I have a few 4-GPU vectors and have sporadic problems with the SSDs overheating and crashing the system. Has anyone else experienced this, and if so, do you have any fixes? A preferred aftermarket heat shield or an extra fan for example?
How did you trace the crashing to overheating SSDs?
Through a combination of looking at logs and monitoring via munin.
I have seen from reviews that the Sabrent heatsink has decent improvements for performance/cooling, but it is atypical that you’re experiencing crashes from the NVME drive, especially on multiple Vectors. It would be quite helpful both to us at Lambda and to other users if you could provide some of the logs/data that points you towards the drives on multiple machines experiencing overheating issues.
Also, are these machines plugged directly into the wall or are they perhaps plugged into a power strip/surge protector/UPS device? We commonly see crashes due to these peripheral devices.

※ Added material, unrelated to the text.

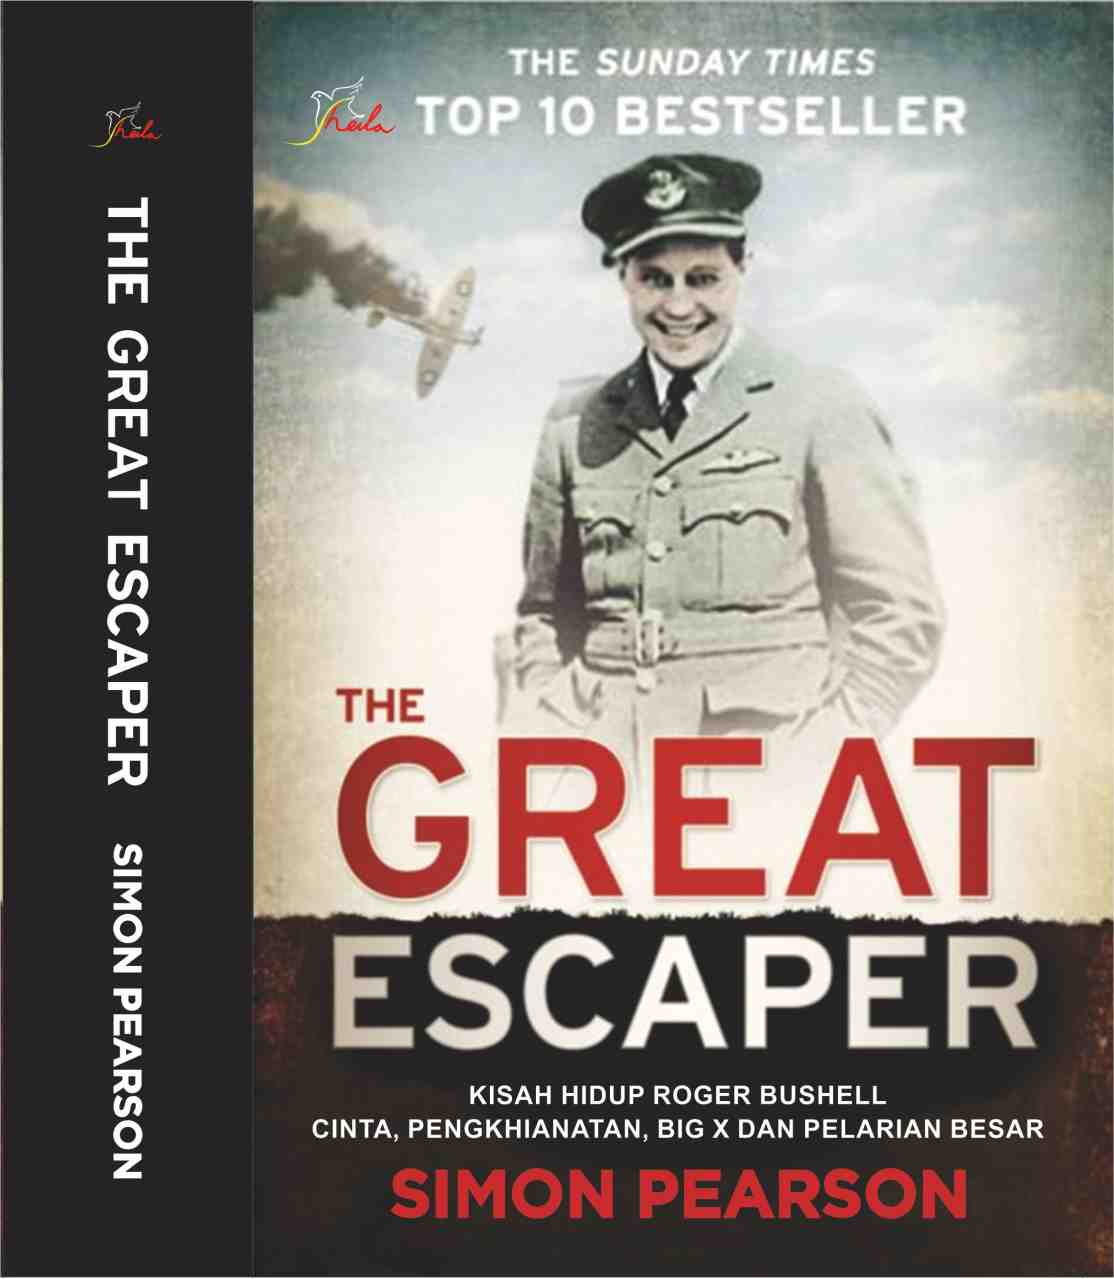 The Great Escaper: Kisah Hidup Roger Bushell: Cinta, Pengkhianatan, Big X dan Pelarian Besar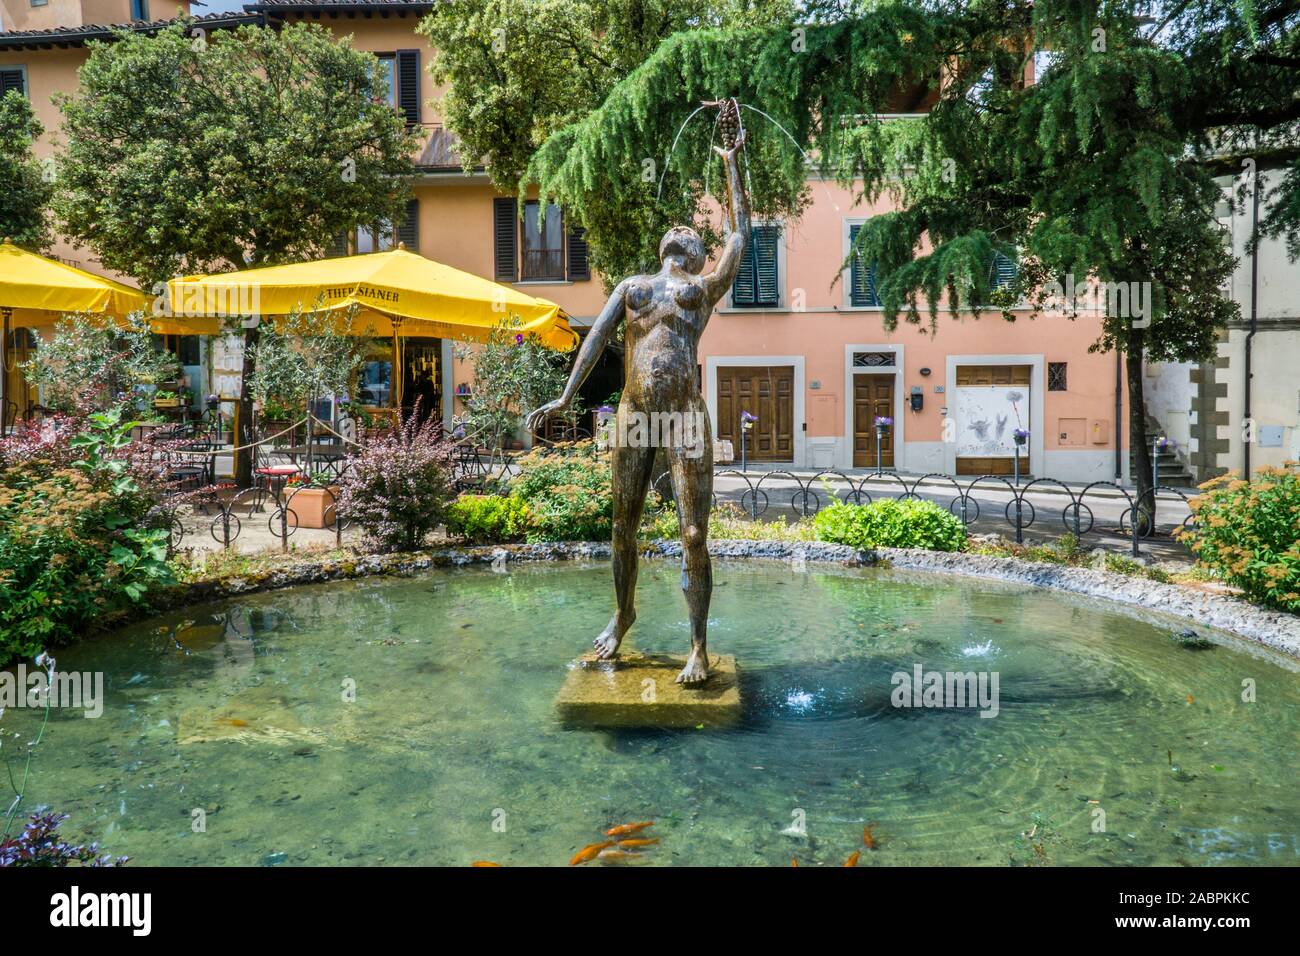 fountain statue at Piazza Gastone Bucciarelli, Panzano in Chianti, in the rural region of Chianti, province of Siena, Tuscany, Italy Stock Photo

The machines are plugged directly into the wall. It’s a little difficult to provide the datapoints as the logs are now gone. journalctl showed an ssd overheat warning just before the crashes occurred. Do you know which Sabrent heatsink in particular is good for cooling in a vector.
Unfortunately I don’t have the review on hand so I don’t remember what model heatsink it was. I’ve also not tried it or had a customer try it in a vector, so I can’t speak to how easy it is to install in the Vector. If you try it and it works/doesn’t work, please update us on the result as it will be helpful for future customers if they run into a similar error.
I think I found the review. Do you have a sense of what height I can sustain for the heatsink under the GPUs?
Oh if the NVME in question is under the GPUs then the Sabrent will not fit unfortunately. For under GPU NVMEs you’ll need a flat heatsink.
Are there other slots on the motherboard that aren’t underneath the GPU? I could try moving it.
What motherboard is it? WRX80 or TRX40?
I believe it’s a TRX40